:: INPUT DATA ::
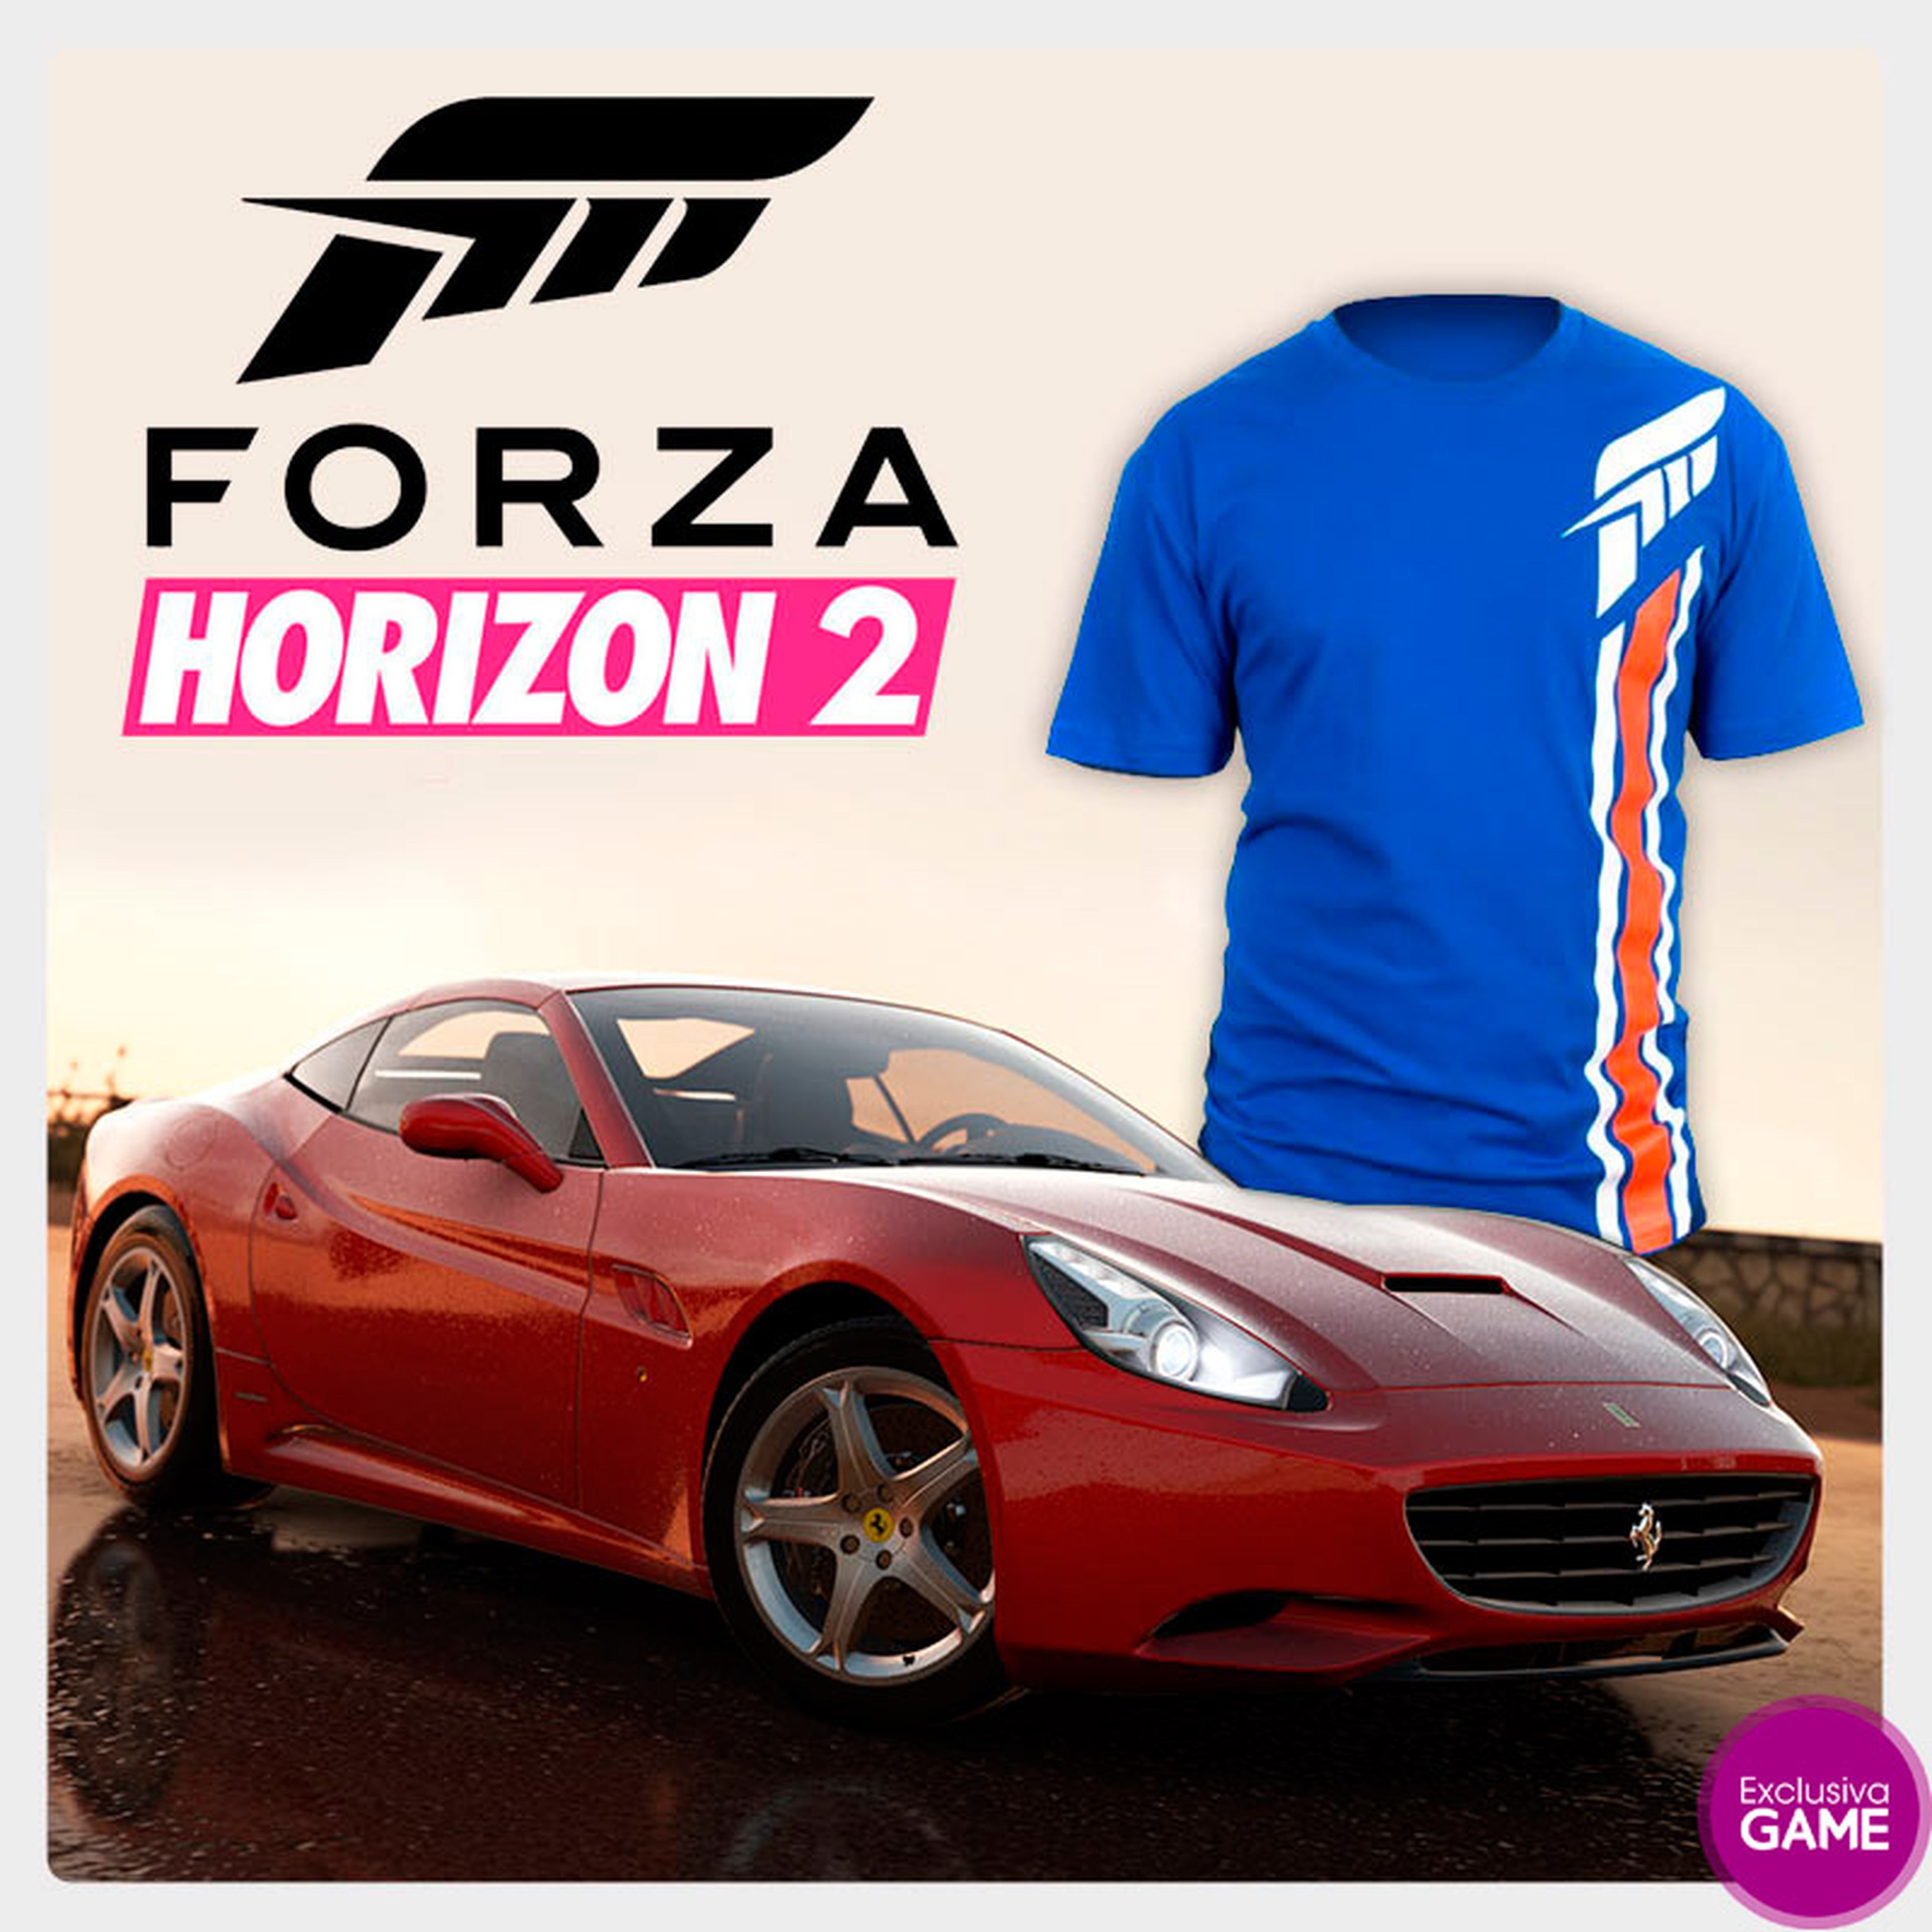 Regalos por reservar Forza Horizon 2 en GAME
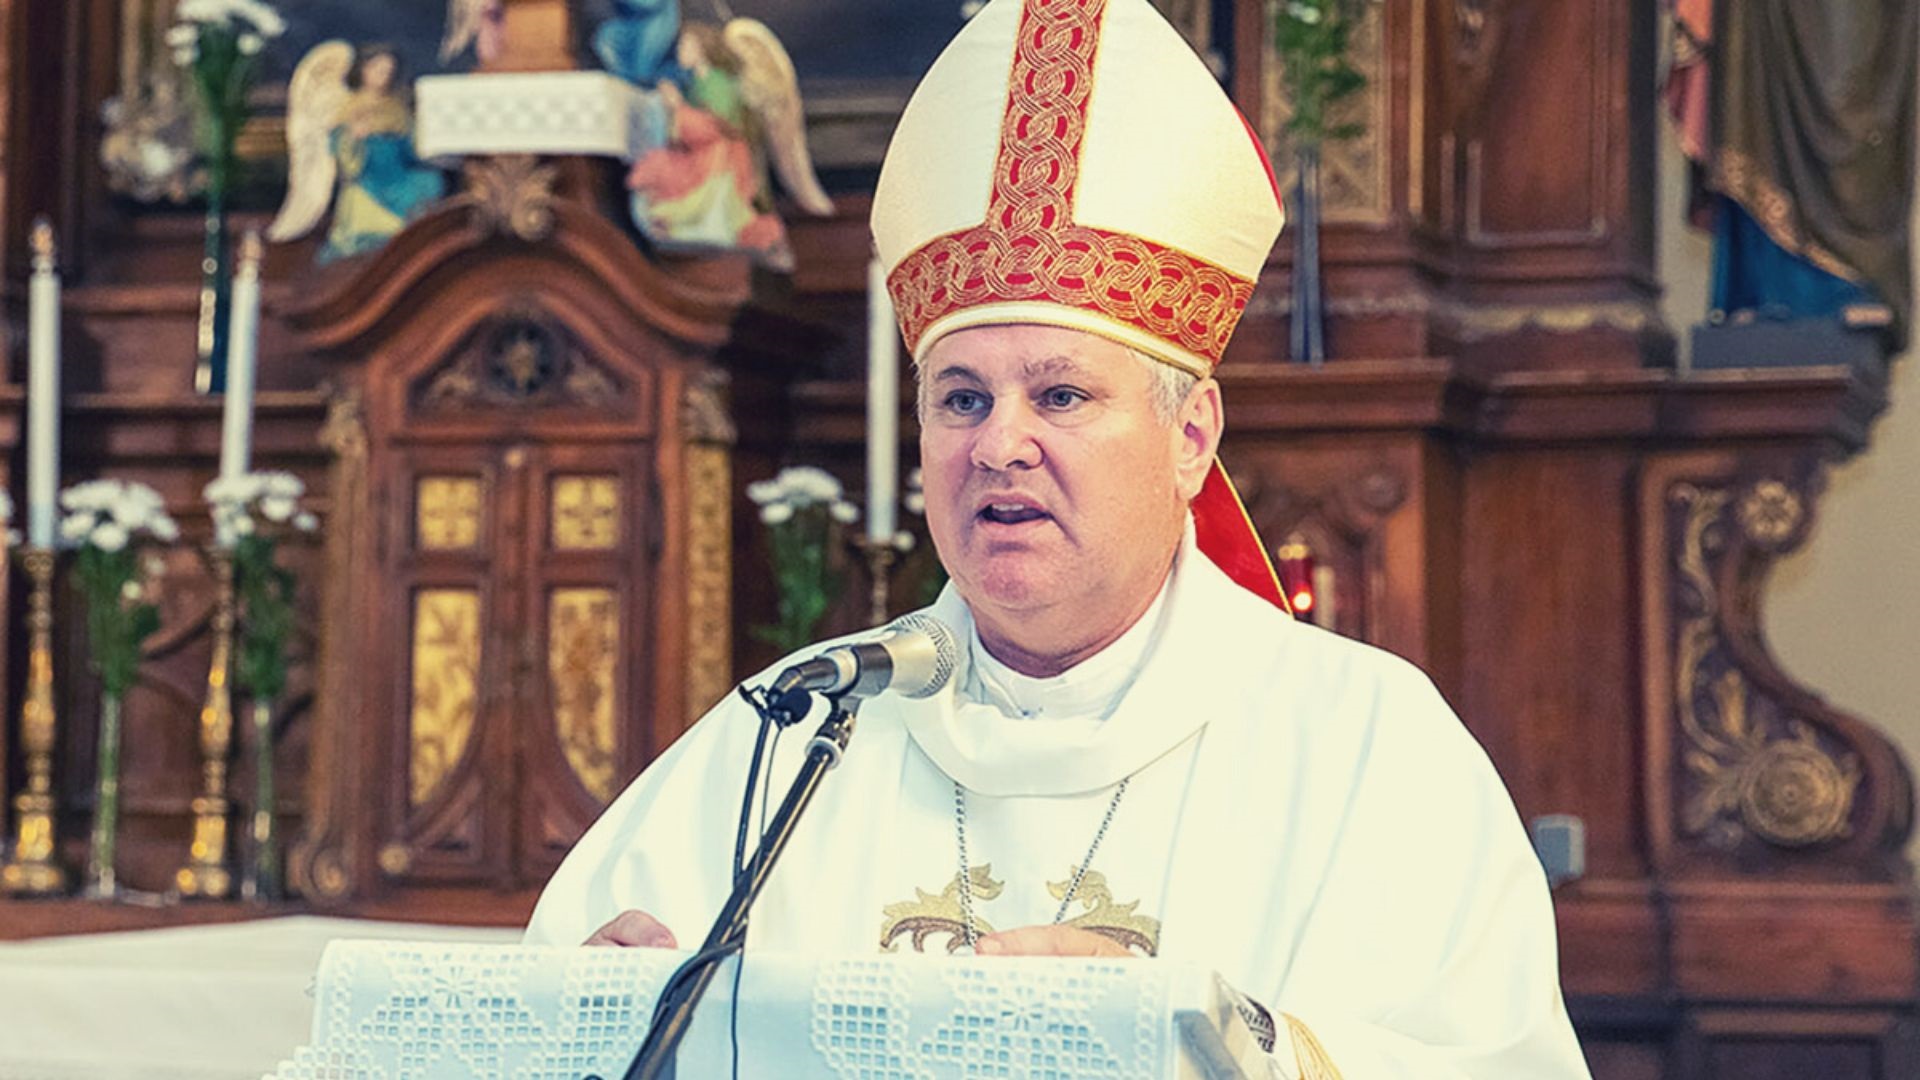 biskup košić naslovna
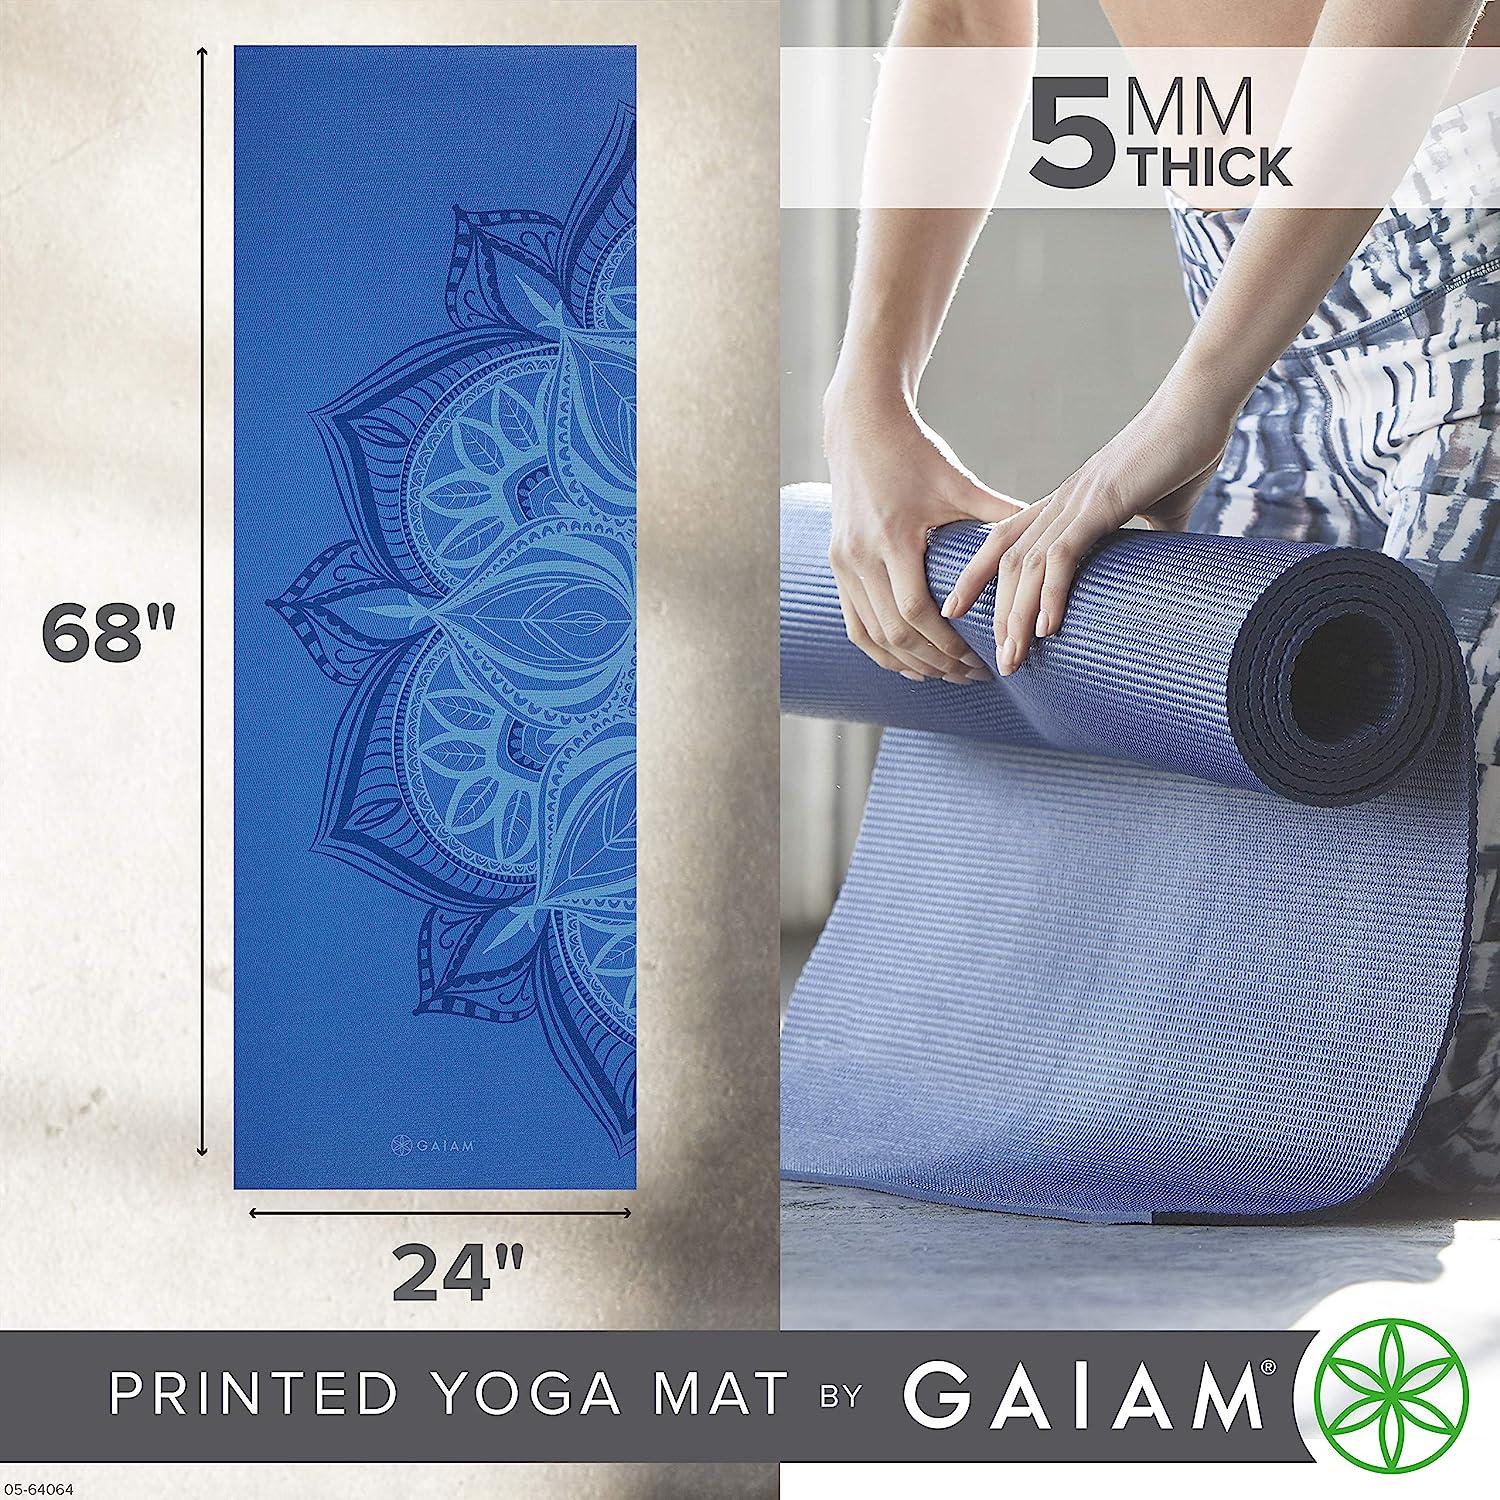 Gaiam Yoga Mat - Premium 5mm Print Thick Non Slip Exercise

:: PROBLEM REQUIREMENTS ::
Reprint the listing above exactly, without images.

:: RESPONSE TO THIS EXERCISE ::
 Regalos por reservar Forza Horizon 2 en GAME
 biskup košić naslovna
 Gaiam Yoga Mat - Premium 5mm Print Thick Non Slip Exercise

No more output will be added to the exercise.